I find this scene the most frustrating and pointless, and therefore most painful of any scene in any book I’ve ever liked. Maybe Kyp would have believed their false report and pushed the button. But at the very least, he would have been able to use the Force to drag his brother onto the ship and to safety. This is the kid who could pilot a black hole cluster with the Force — there’s no reason he would try to use the Sun Crusher’s tractor beam and not the Force. Also, there’s no catharsis in Zeth’s pointless death. Kyp the fratricide should have become irredeemable, a psychotic mess. Anderson either kills the brother 1) because Kyp must be punished for his deeds, “justice” — or 2) he had no idea what to do with a brainwashed Stormtrooper zombie. Possibly a touch of 3), cheap emotional jarring for the reader. And I hate that.
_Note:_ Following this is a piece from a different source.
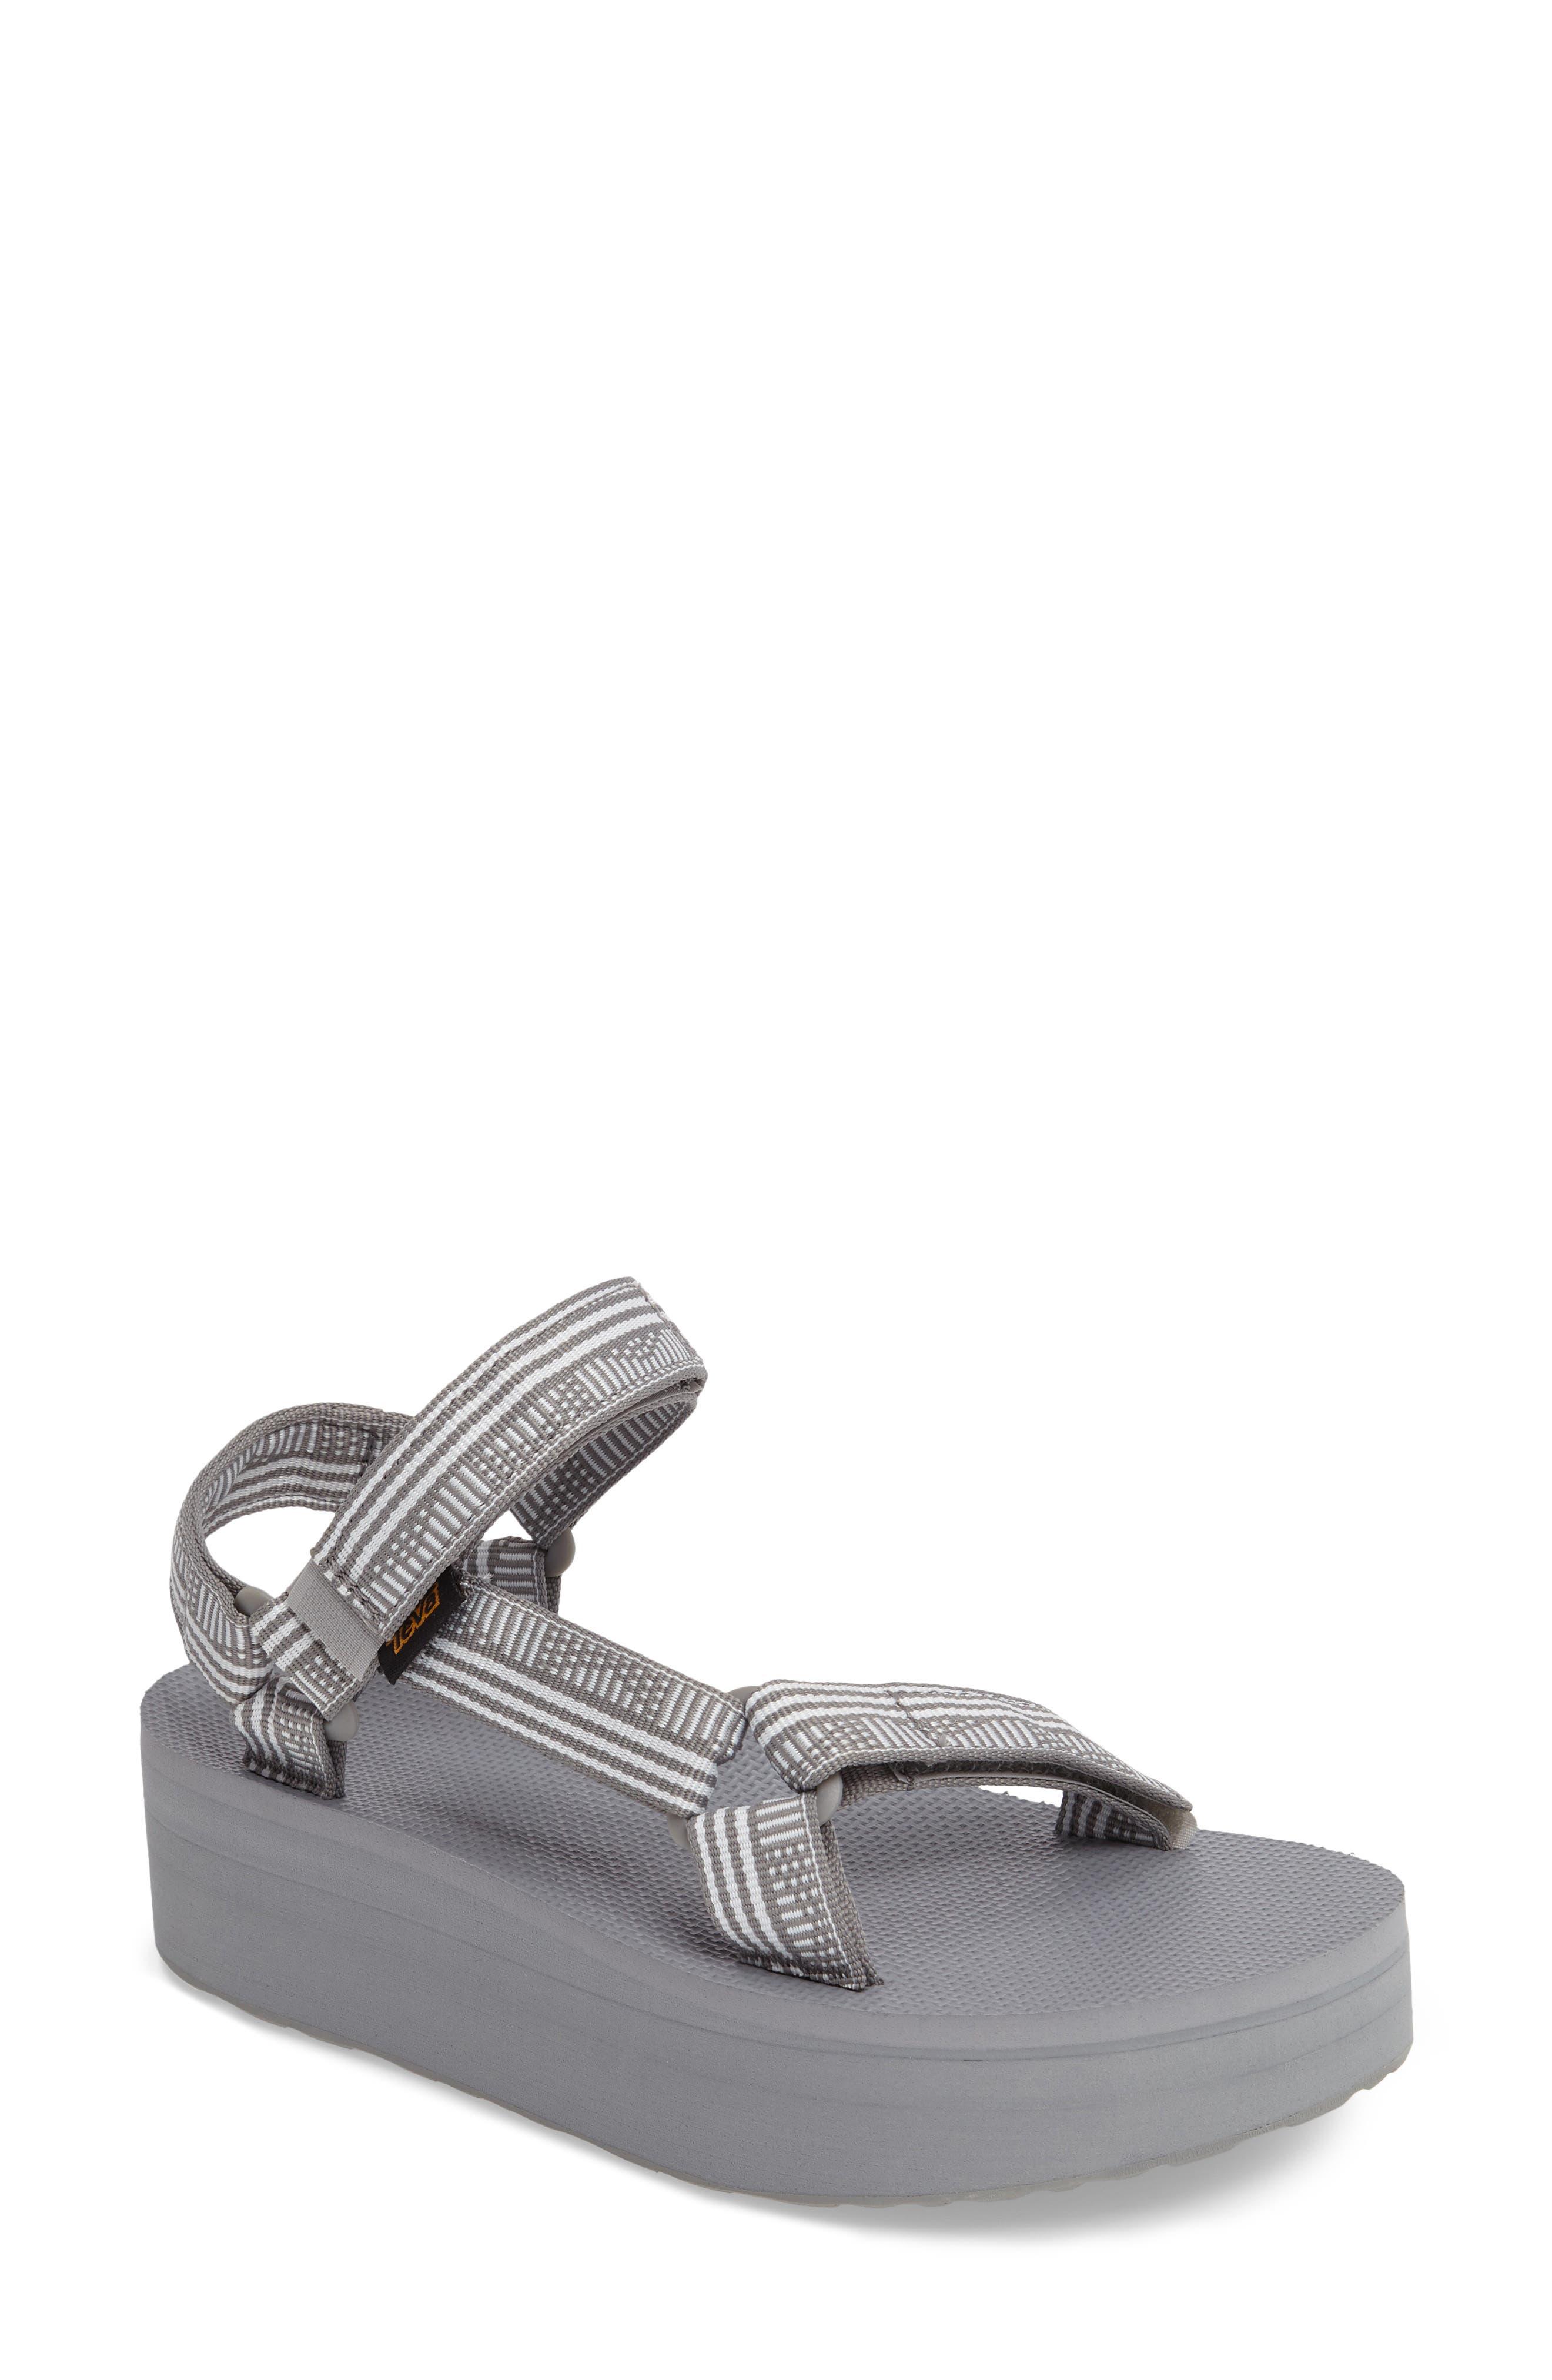 Alternate Image 1 Selected - Teva 'Universal' Flatform Sandal (Women)

But. That being said. Regardless of the lackluster finish on the trilogy, there are many aspects of this book that make it a worthy successor to the two I love so much. Disembodied Luke makes for a surprising twist in the plot as he and Exar Kun trade bodiless threats and he relies on his untried students to save him when he can’t even communicate with them. There is wisdom in the declaration that shadows are eliminated by flooding them with light.